I am not unmindful that some of you have come here out of great trials and tribulations. Some of you have come fresh from narrow jail cells. Some of you have come from areas where your quest for freedom left you battered by the storms of persecution and staggered by the winds of police brutality. You have been the veterans of creative suffering.

These sentences serve to:

A) appeal to a sense of logic and reason.

B) acknowledge the experiences of the audience directly.

C) affirm King’s authority on the subject of justice.

D) summarize King’s overarching argument.

8. What is the effect of King’s repetition of the phrase “I have a dream”?

A) It emphasizes how King introduces evidence that supports his argument.

B) It explains what matters most to King as a man, not a leader.

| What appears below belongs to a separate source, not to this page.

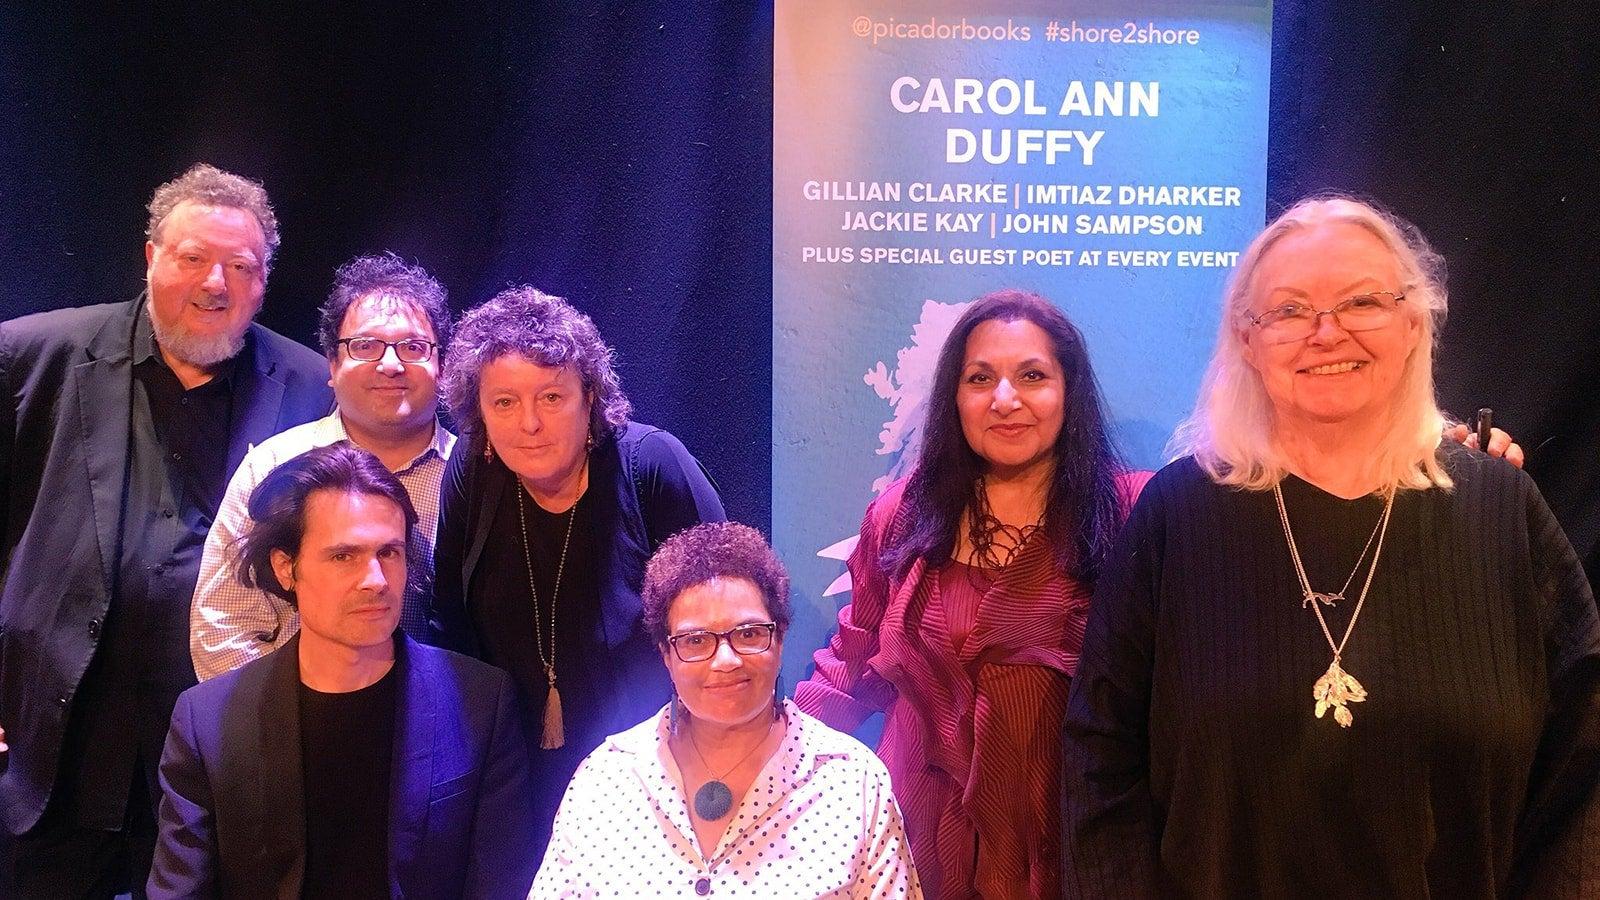 A group photo of Carol Ann Duffy, Gillian Clarke, Imtiaz Dharker, Jackie Kay and John Sampson
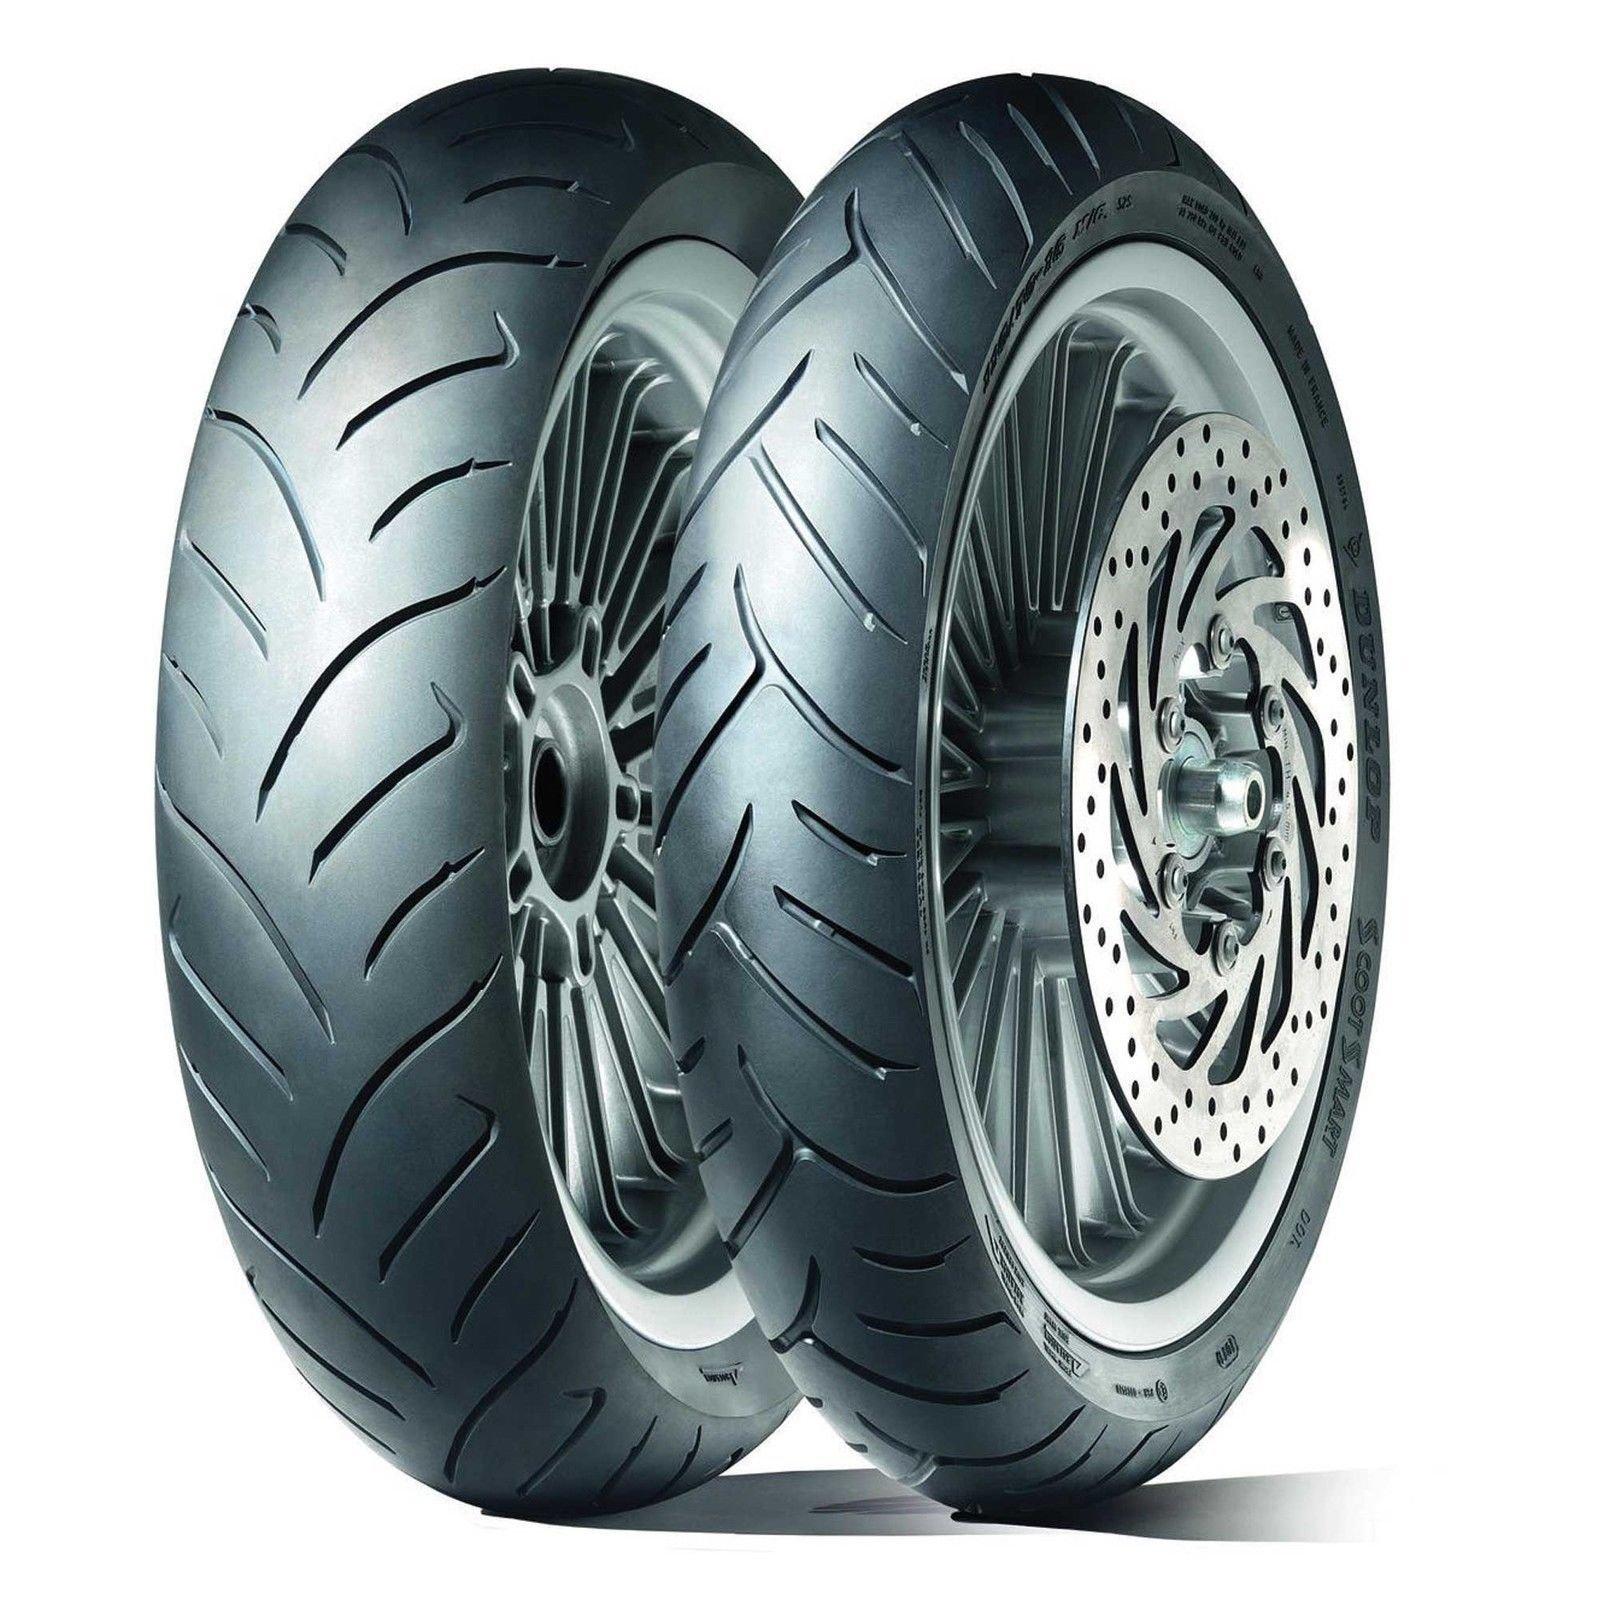 Шина для мотоцикла Dunlop ScootSmart 110/90 R13 55P TL Передняя (Front) (Артикул: 303995)

C) It reveals that King’s message is one of celebration.

D) It transitions the speech’s tone from somber to optimistic.

9. Consider this excerpt:

This is our hope. This is the faith that I go back to the South with. With this faith, we will be able to hew out of the mountain of despair a stone of hope. With this faith we will be able to transform the jangling discords of our nation into a beautiful symphony of brotherhood.

King’s repetition of the word faith is likely intended to:

A) appeal to his audience’s sense of spirituality and purpose.

B) create a reverent and spiritual tone.

C) emphasize that King’s own beliefs sometimes waver.

D) convey an image of devotion and hope.

10. Consider this excerpt:

And so let freedom ring from the prodigious hilltops of New Hampshire. Let freedom ring from the mighty mountains of New York. Let freedom ring from the heightening Alleghenies of Pennsylvania. Let freedom ring from the snowcapped Rockies of Colorado. Let freedom ring from the curvaceous slopes of California. But not only that, let freedom ring from Stone Mountain of Georgia. Let freedom ring from Lookout Mountain of Tennessee. Let freedom ring from every hill and molehill of Mississippi. From every mountainside, let freedom ring.

What is the significance and purpose of the phrase “not only that” in King’s speech? (short answer)

11. “The marvelous new militancy which has engulfed the Negro community must not lead us to a distrust of all white people” contains an example of

A) synesthesia

B) personification

C) metonymy

D) alliteration

12. Consider this excerpt:

No, no, we are not satisfied, and we will not be satisfied until justice rolls down like waters, and righteousness like a mighty stream.

What rhetorical device does King use in the excerpt, and what purpose does it serve? (short answer) 

Answers

1. C

2. D

3. A

4. A

5. B

6. D

7. B

8. B

9. A

10. King is attempting to recognize and dismantle the division between North and South.

11. D

12. King uses similes to associate justice with invigorating images of nature.